Симпатический дистресс нельзя свести к простым эгоистическим мотивам, направленным на получение чувственного удовлетворения, материальной выгоды или социального одобрения. Во-первых, он вызывается состоянием эмоционального расстройства не столько у себя, сколько у другого лица. Во-вторых, непосредственной целью вытекающего из него Поведения является помощь другому, а не себе. В-третьих, получение эмоционального удовлетворения зависит в данном случае от действий, направленных на уменьшение страданий другого.
Развитие альтруистической мотивации имеет свои когнитивные предпосылки. Чтобы элементарный эмпатический дистресс перерос в осмысленную симпатию, а примитивная идентификация с другим — в понимание, ребенок Должен предварительно достичь определенной ступени умственного развития и уровня самосознания. Тот же М. Хоффман выделяет три стадии этого процесса.

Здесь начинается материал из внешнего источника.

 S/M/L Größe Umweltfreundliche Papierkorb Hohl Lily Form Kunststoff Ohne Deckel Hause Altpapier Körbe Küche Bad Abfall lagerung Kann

На первом этапе развития (около одного года) ребенок уже осознает других людей как отдельные физические сущности, но еще не осознает их психической автономии. Поэтому его эмоциональные реакции на переживания другого не могут быть дифференцированными. Желая помочь другому, ребенок автоматически исходит из того, что переживания другого тождественны его собственным. Так, что бы утешить печального взрослого, полуторагодовалый ребенок предлагает ему свою любимую игрушку. Годовалый ребенок зовет на помощь плачущему сверстнику свою мать, хотя мать его друга присутствует тут же, и т. п. Тем не менее здесь уже налицо определенное чувство заботы о другом, а не только о себе.
На второй стадии (примерно с двух-трех лет) ребенок уже начинает сознавать, что другие люди имеют свои внутренние состояния и настроения, не зависящие от его собственных. Это повышает интерес ребенка к другому человеку, как таковому, дифференцируя детские эмоциональные реакции. Но ребенок этого возраста еще не умеет вычленить ни свои, ни чужие переживания из той ситуации, в которой они проявляются и воспринимаются. Поэтому его сочувствие является краткосрочным, ограничено непосредственным моментом.

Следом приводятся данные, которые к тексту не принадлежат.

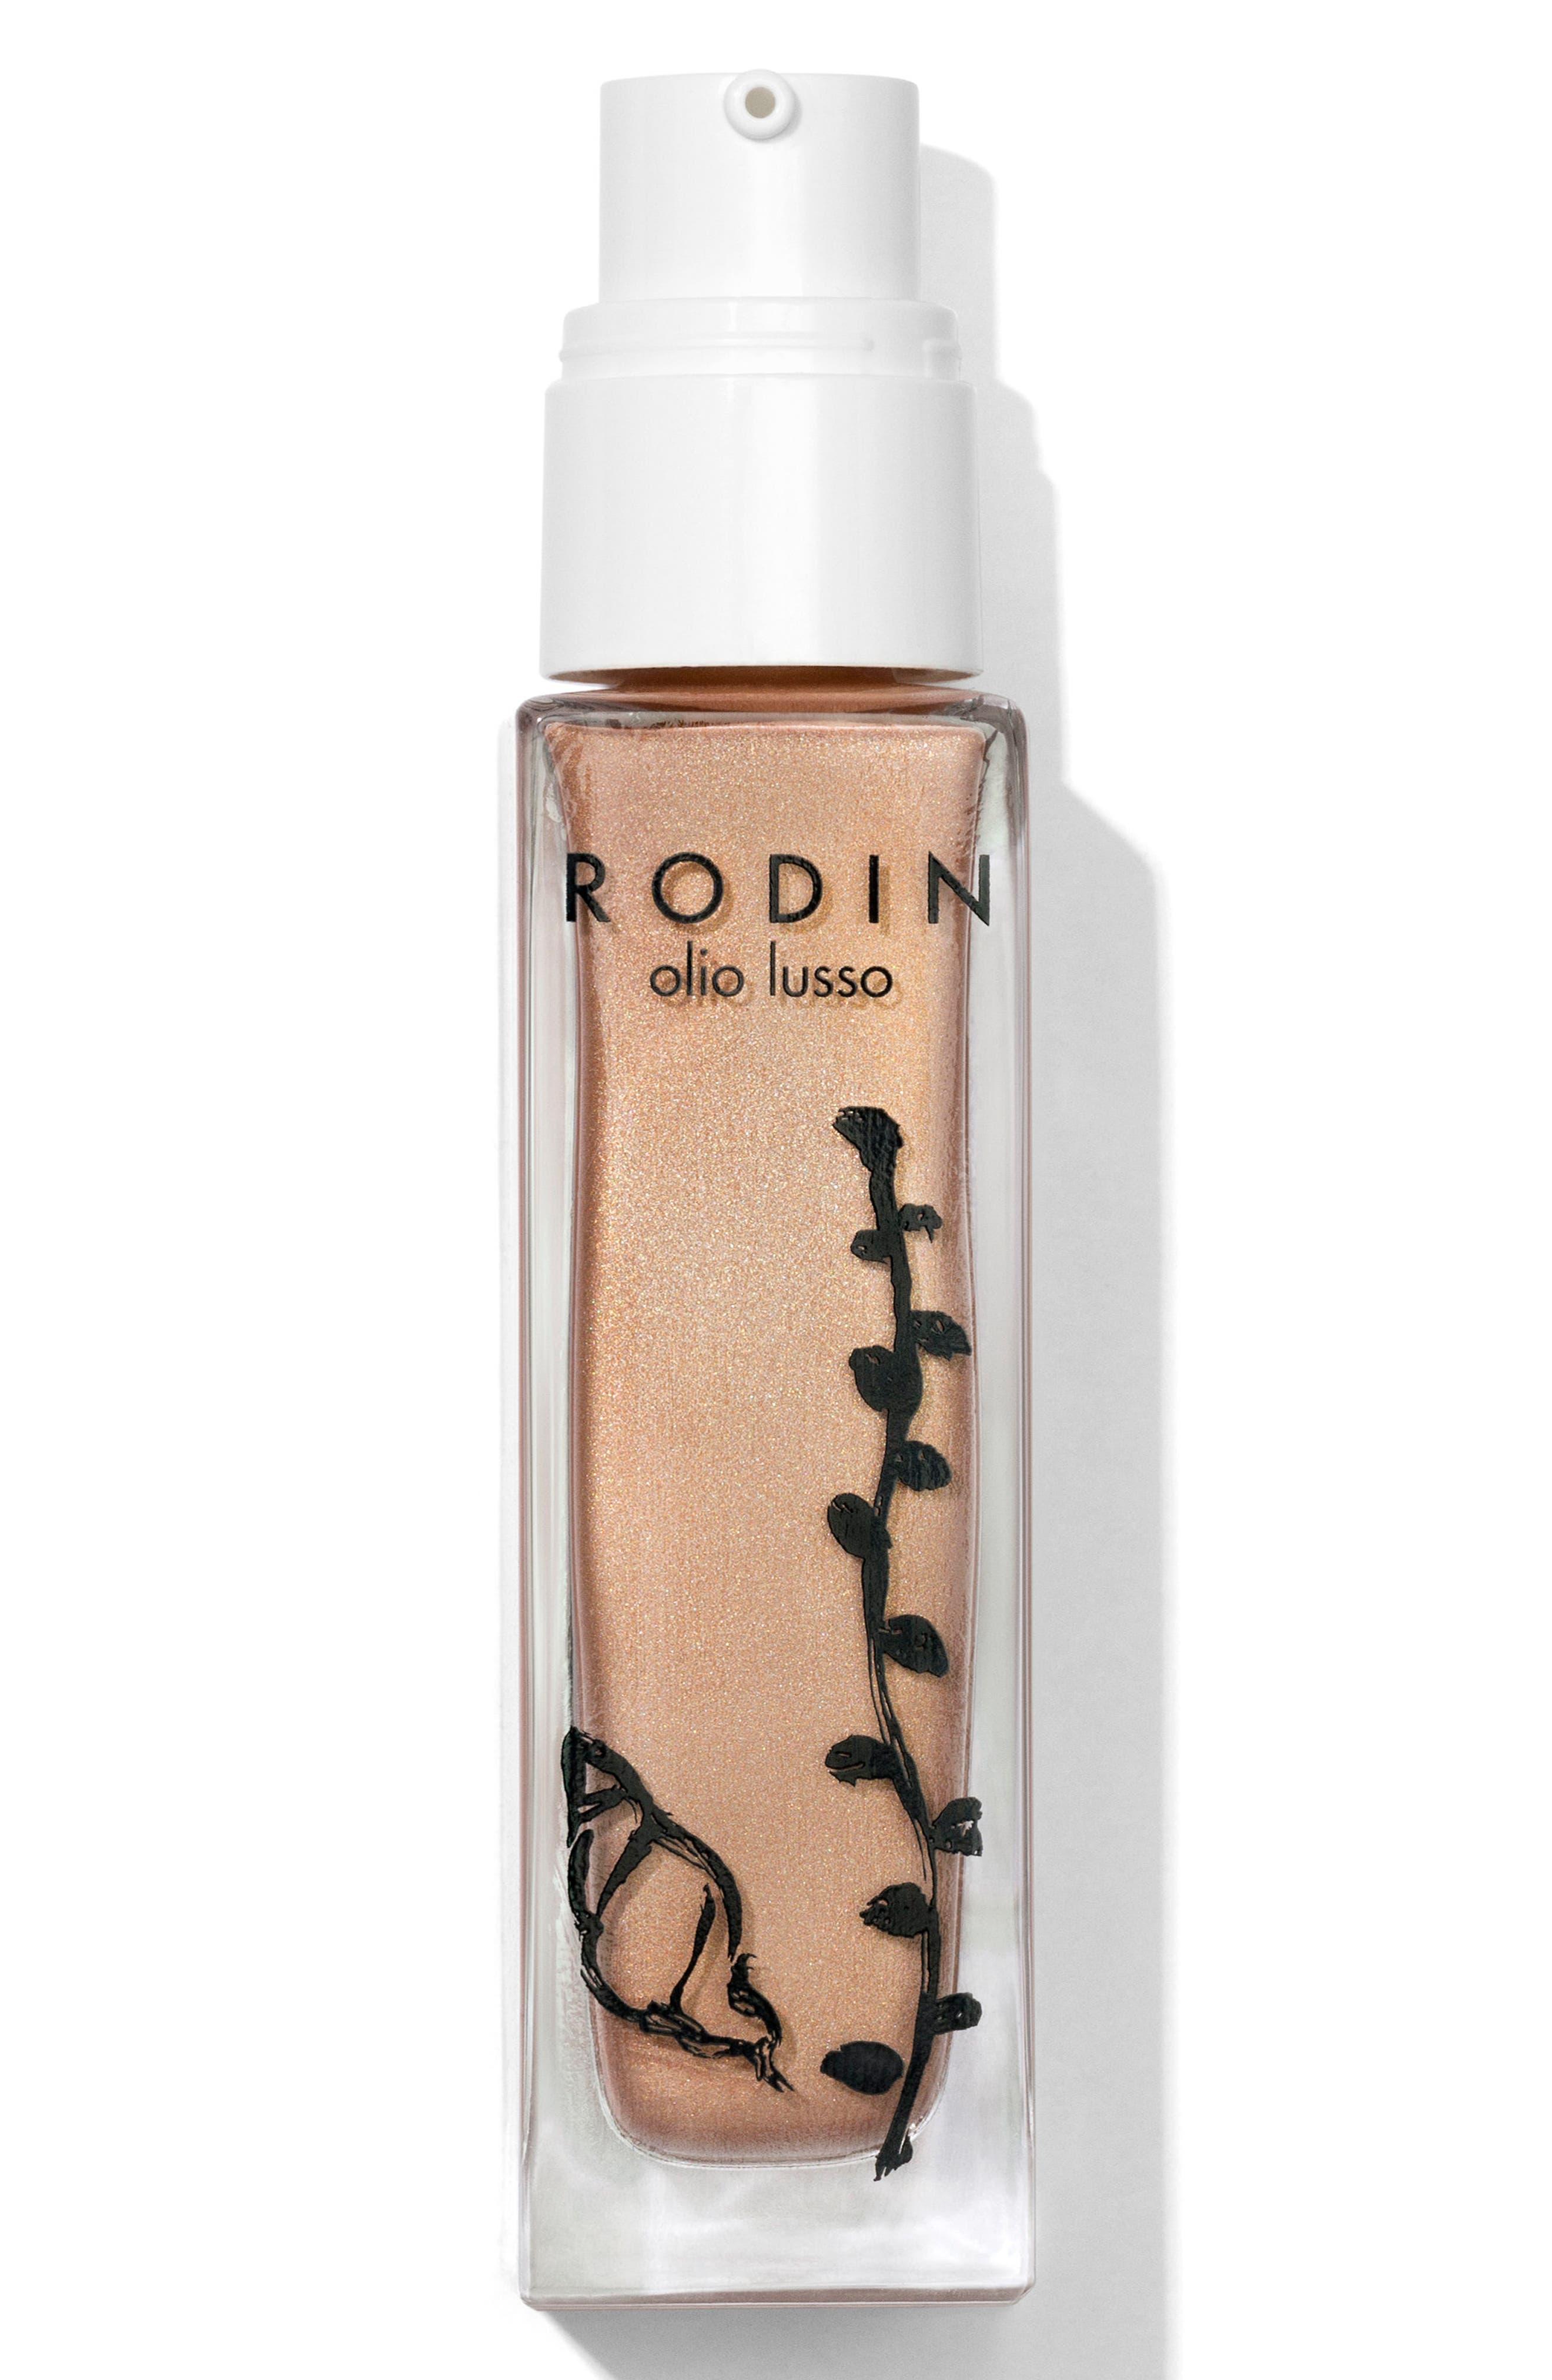 RODIN olio lusso Luxury Illuminating Liquid

Лишь на третьем этапе (между шестью и девятью годами) ребенок начинает осознавать, что другие люди, как и он сам, имеют устойчивые, не зависящие от ситуации характеры и убеждения и что их непосредственные переживания можно понять только в контексте их более широкого жизненного мира. Это открывает возможность синтеза непосредственной реакции на эмоциональное состояние другого человека с осознанным представлением о нем как о личности, что составляет необходимое условие понимания.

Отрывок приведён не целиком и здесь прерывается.